Legacy data that is a century old is not digitised from inception, and lo and behold! Section 4(3)(b) explicitly excludes offline personal data from the scope of the proposed statute, with the provision being complemented by Section 4(1) which states that, if passed, the act shall 'apply to the processing of digital personal data within the territory of India where: (a) such personal data is collected from Data Principals online; and (b) such personal data collected offline, is digitized' without any word on how offline data should be treated prior to digitisation.

The extent to which the bill, with its apparent focus on data processing in the corporate sphere, appears to be oblivious to the possible social implications of its text is truly breathtaking.

Conceptual Concerns

Section 4(3)(a) of the bill specifies that data processing must be automated for the proposed act to apply to it — the bill does not contemplate hybrid processing with the active involvement of a human being. So, presumably, to escape having the proposed act apply, if the bill is passed in its current form, all that would need to be done is to ensure that data processing was not entirely automated.

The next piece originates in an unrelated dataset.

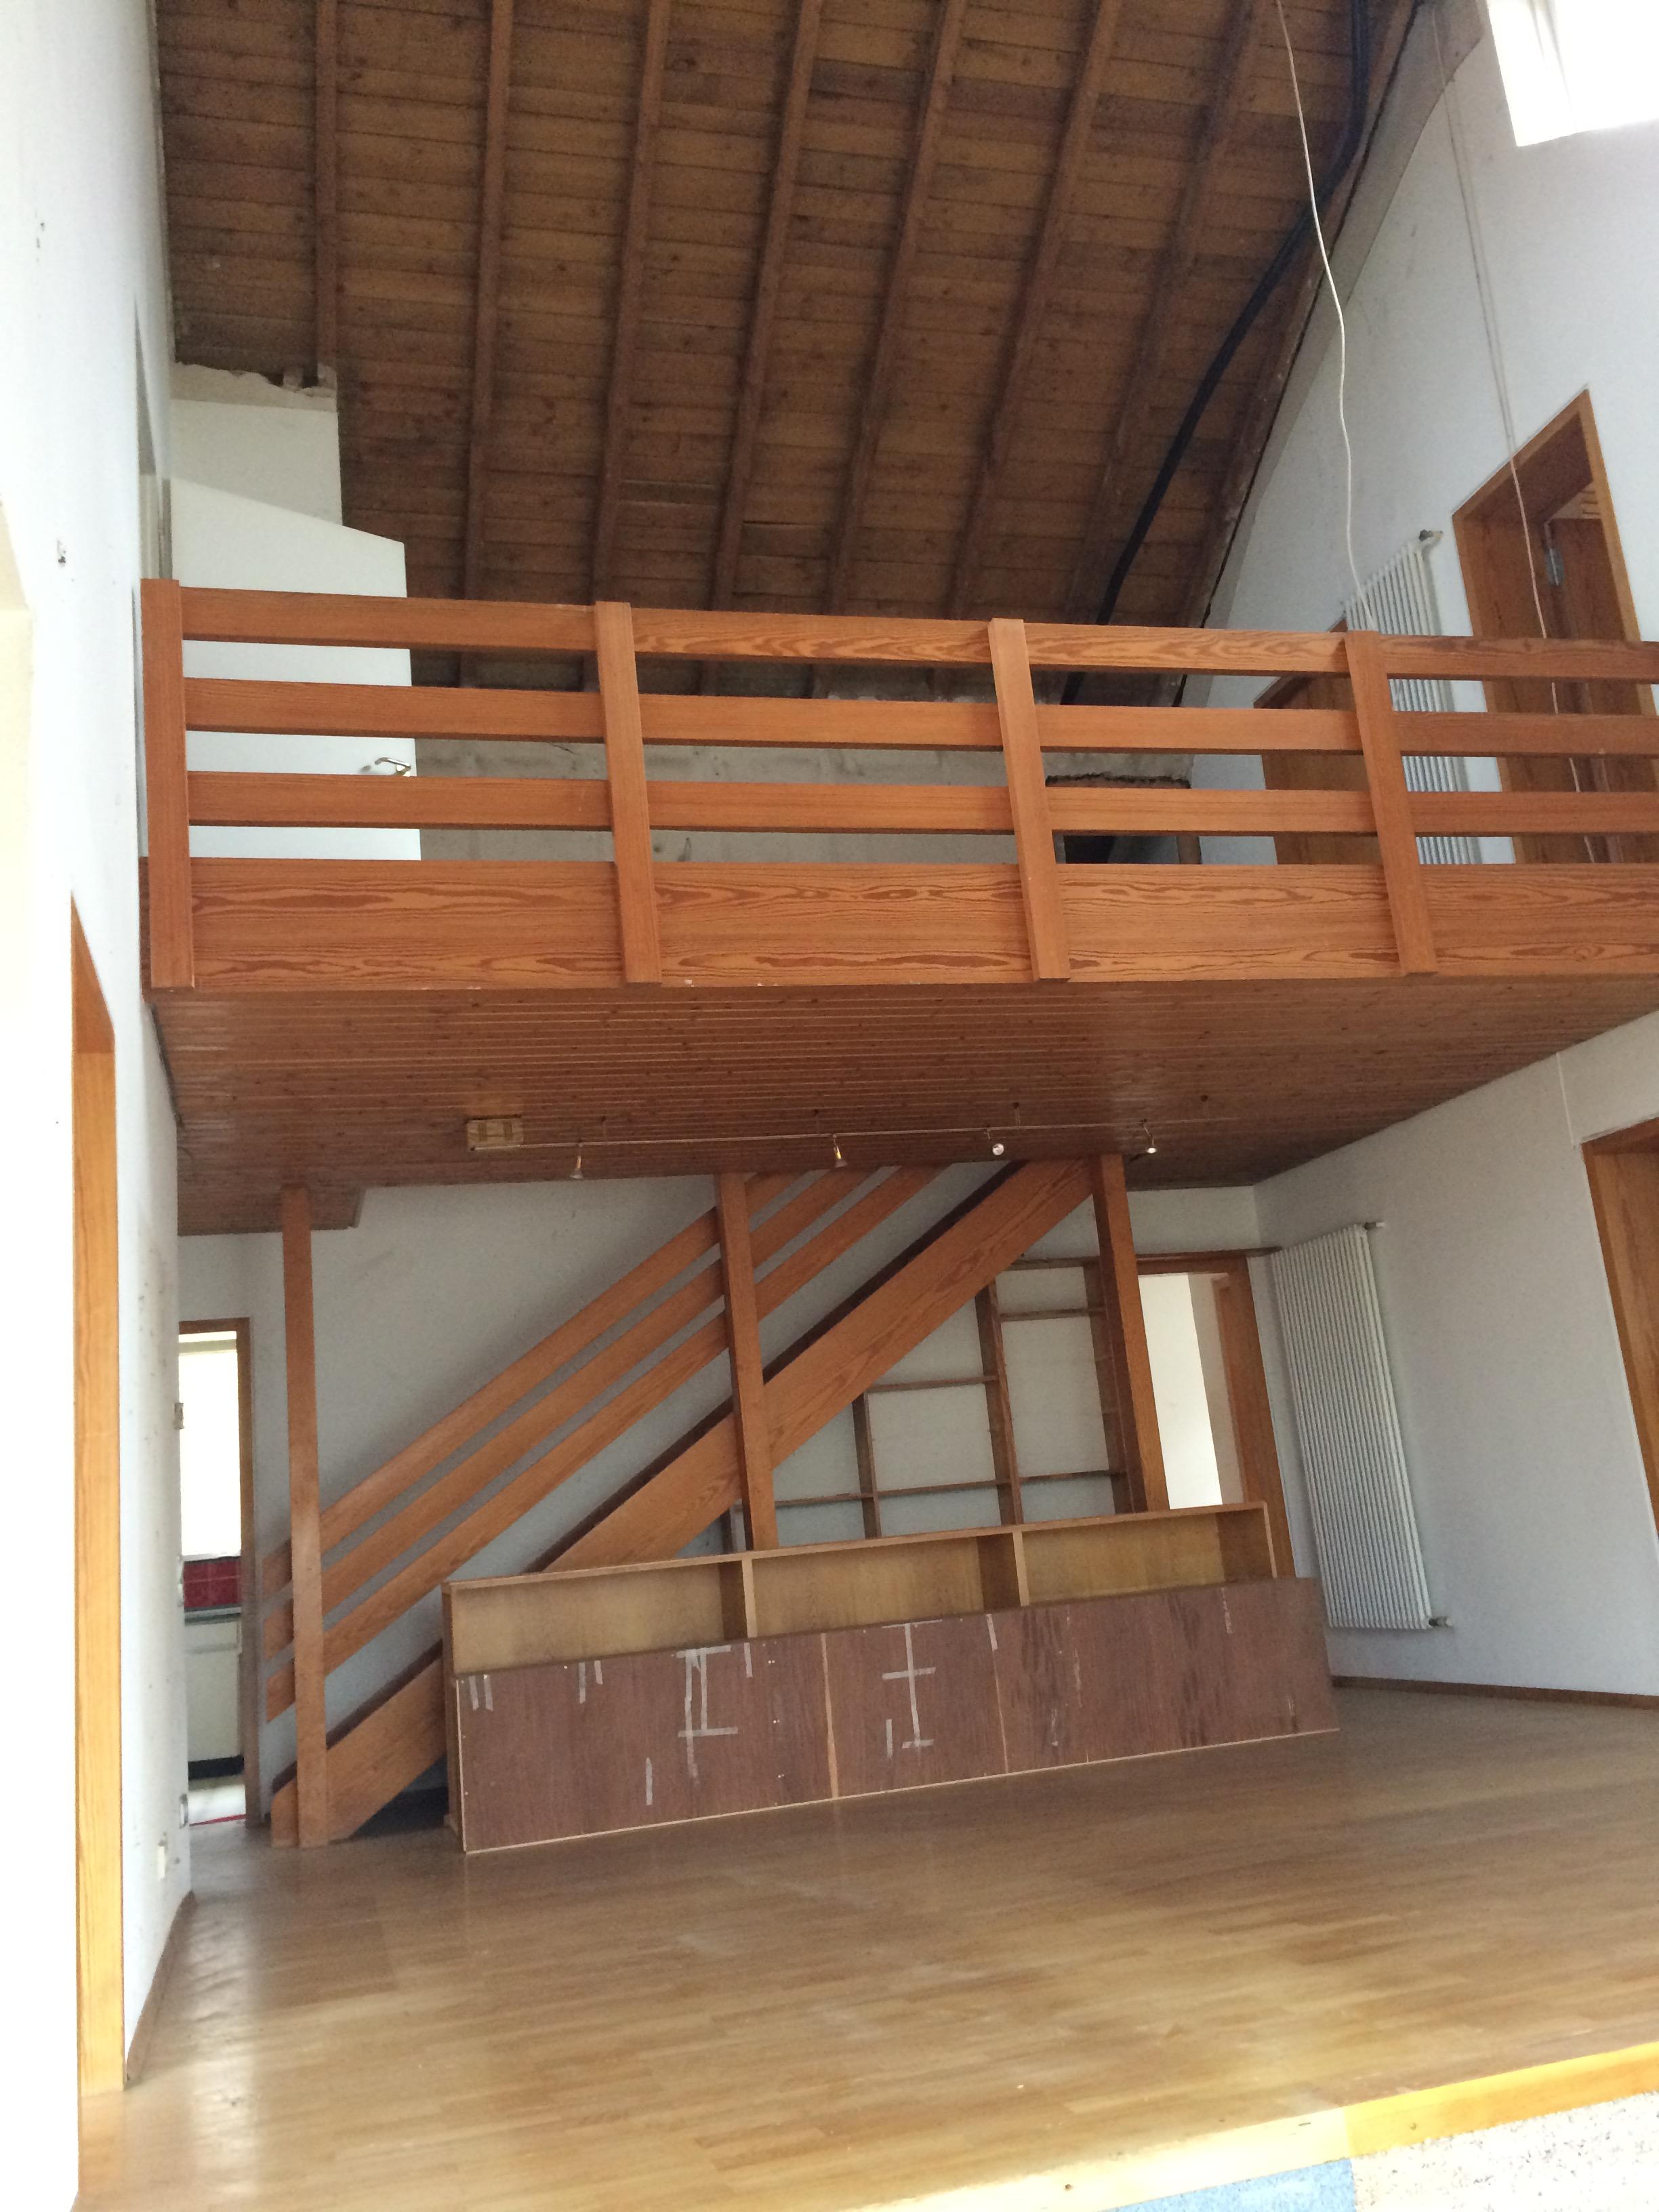 mehr als nur eine dachsanierung anspruchsvoller umbau eines architektenhauses sanierungspreis. Black Bedroom Furniture Sets. Home Design Ideas

The most startling feature of the bill, however, appears in Section 3 which states that 'unless the context otherwise requires, a reference to “provisions of this Act” shall be read as including a reference to Rules made under this Act'. Much of the detail which would be required to turn the bill into an implementable statute has been left to subordinate legislation, and this Section could potentially, though one hopes improbably, do away with the traditional hierarchy which requires subordinate legislation to conform to the letter of its parent statute in order to be valid. It appears to treat them at par without a single word about how inconsistencies between the rules and the statute are to be addressed, or why it has been deemed necessary to effectively seem to place subordinate legislation which, for all practical purposes, can come into being by bureaucratic fiat at par with legislation that wends its way through parliament via consultation and debate.

A Domino Effect

Unsurprisingly, the issues in the bill go far beyond the bill resting on a shaky foundation — they seep into other areas of law too. For example, personal data is a subset of data which, Section 2(4) defines to mean 'a representation of information, facts, concepts, opinions or instructions in a manner suitable for communication, interpretation or processing by humans or by automated means'.

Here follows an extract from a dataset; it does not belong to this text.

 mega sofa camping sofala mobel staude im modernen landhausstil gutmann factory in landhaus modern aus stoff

Section 8(7) states: 'A Data Principal is deemed to have given consent to the processing of her personal data if such processing is necessary …. for the purposes related to employment, including prevention of corporate espionage, maintenance of confidentiality of trade secrets, intellectual property, classified information, recruitment, termination of employment, provision of any service or benefit sought by a Data Principal who is an employee, verification of attendance and assessment of performance.'

Read in the context of the scheme of the proposed statute, it could be argued that the provisions defining data, personal data, and deemed consent could effectively allow data mining of works protected by copyright thereby setting up legislation which, against the scheme of the 1957 Indian Copyright Act, sets up a parallel statutory mechanism which flirts with copyright concerns. Somehow, it doesn't appear that the Digital Personal Data Protection Bill was drafted with the intention of achieving such an outcome.

Deemed consent itself is a concept that, as it currently stands in the bill, is challenging to justify. For example, 'public interest' as contemplated by Section 8(8) which deals with it, and the definition of the term in Section 2(18), somehow suggest that mergers, amongst other overwhelmingly corporate acts, are tied to public interest. The bill does not explain why or how this is the case.

If there was ever a bill crying out for a line edit, this is it. One can only hope, for all our sakes, that the 2022 Digital Personal Data Protection Bill receives careful consideration: its heart appears to be in the right place. Much of the remainder of its content, sadly, seems to be misplaced at the moment.